Misalnya di ITB. Tentu kami menggunakan online questioner dan web tersendiri, sistem IT yang dibangun sendiri, selalu berusaha mengikuti perkembangan terbaru dalam IT. Cara pengisian, karena banyak (responden yang) menggunakan gadget, jadi kita sesuaikan dengan hal itu, baik pakai (platform) iOS maupun Android. Browser-browser baru harus bisa compatible, seperti browser-browser Android yang banyak itu. Tentu dipilih yang banyak dipakai seperti UC Browser, dsb. Browser Google Chrome sudah pasti compatible.
Ya itu media yang kita pakai di ITB, dengan karakteristik hampir semua/kebanyakan mereka (alumni) melek teknologi dan pengguna gadget atau aktif di media sosial.
Saya pernah mendapat pertanyaan dari kolega yang universitasnya saja belum memakai internet, begitu pula alumninya mungkin tidak terlalu banyak yang menggunakannya. Kalau begitu tentu media yang digunakan di ITB tidak cocok sama sekali.

Q4 (Ambar Kusuma UKDW):
Trik-trik supaya alumni tidak merasa terbebani dengan kuesioner yang berbutir-butir itu seperti apa ya Mas Bams?

A:
Pengalaman kami di ITB menarik sekali. Bahkan di tracer study yang terakhir sangat menarik: belum kita launch untuk mengisi saja mereka sudah pada menunggu-nunggu, untuk pengisian. Baru kita buka boleh mengisi selama seminggu, pengisian kuesioner sudah mencapai 60 persen.. hehehe ??
Trik-nya apa aja? Nah, ini panjang ini mbak ???. Jadi untuk semetara kita skip dulu karena panjang untuk yang ini ya...

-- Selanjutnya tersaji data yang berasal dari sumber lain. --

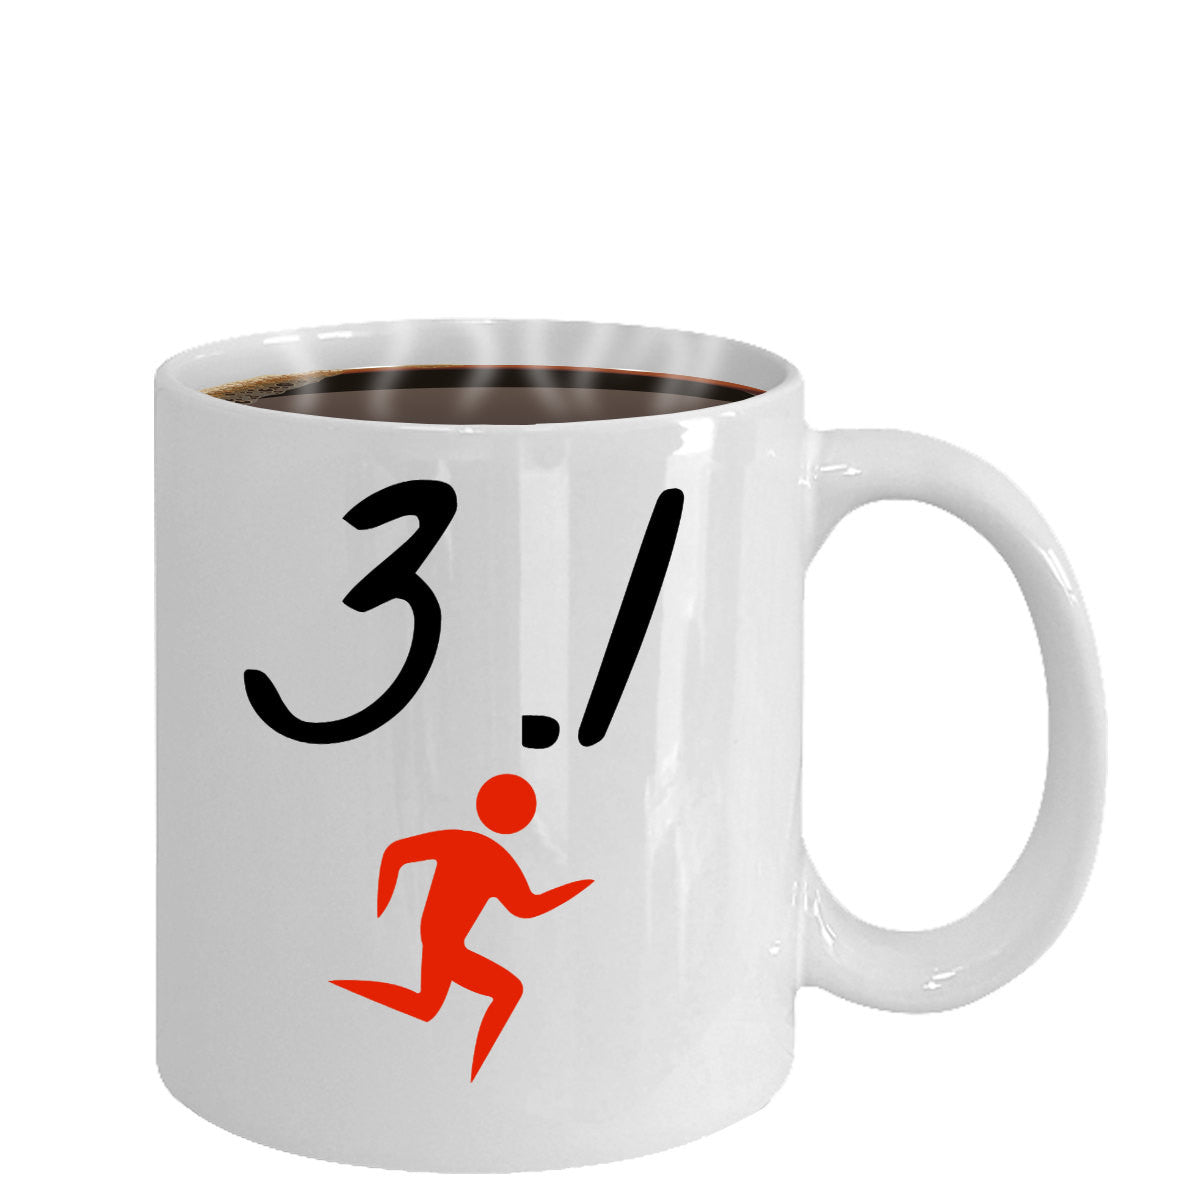 3.1 5K Runners Marathon Custom Coffee Mug

Q5 (Farid Maulana Unsyiah):
Bagaimana solusinya kalau response rate rendah karena banyak alumni tidak terlalu paham dalam bidang IT dan juga mereka banyak berasal dari kampung-kampung yang akses internetnya susah juga?

A:
Intinya mesti dipikirkan sih Pak Farid, dicari inovasi, langkah-langkah, improvement di semua tahapan dan semua sisi. Kalau yang tidak atau kurang melek IT dan tinggal di desa-desa bagaimana dst.
Sekedar contoh sedikit, waktu di Exlima Bali, ada satu negara Afrika (saya lupa namanya), yang lebih parah atau parah banget malahan: tidak ada internet, tidak ada telepon, dan di desa-desa tinggalnya. Suratpun belum tentu tersampaikan. (Dibandingkan dengan mereka) kita masih jauh lebih baik. Tetapi effort mereka, kita bilang, "Gila.. You are crazy!" Response rate mereka 60 persen! Karena ternyata apa usahanya? (Alumni) mereka datangi satu per satu. Dicari dan ditemui satu-satu. Tentu saja kita bilang pasti effort-nya top deh: dari waktu, tenaga, biaya, dst. Karena memang itu katanya satu-satunya cara untuk bisa dapat data alumni yang jadi target respondennya, dan infrastukturnya memang tidak memungkinkan kecuali hanya (dengan cara) itu: didatangi, dan ditemui.
Jadi kondisi kita sebenarnya masih lebih baik atau jauh lebih baik (secara umum). Memang satu kesimpulan singkatnya untuk mendapatkan response rate yang tinggi, itu sejak dulu saya percaya betul, karena itu masalah yang paling mengemuka juga sejak saya sendiri mempelajari ini. Salah satu kunci pentingnya adalah seberapa gigih pengelola atau peneliti untuk mendapatkan (data untuk menghasilkan) response rate tinggi tersebut, dengan berbagai metode, teknik, pendekatan, hingga detil-detil kecil, semua perlu dipikirkan, dipraktekkan, terus selalu diperbaiki, dilakuan improvement, dst. Tentu kita pahami dulu guidance-nya dan tujuan-tujuannya, perangkat-perangkat, lalu kita selalu mencari kemungkinan-kemungkinan baru, inovasi dan improvement tadi.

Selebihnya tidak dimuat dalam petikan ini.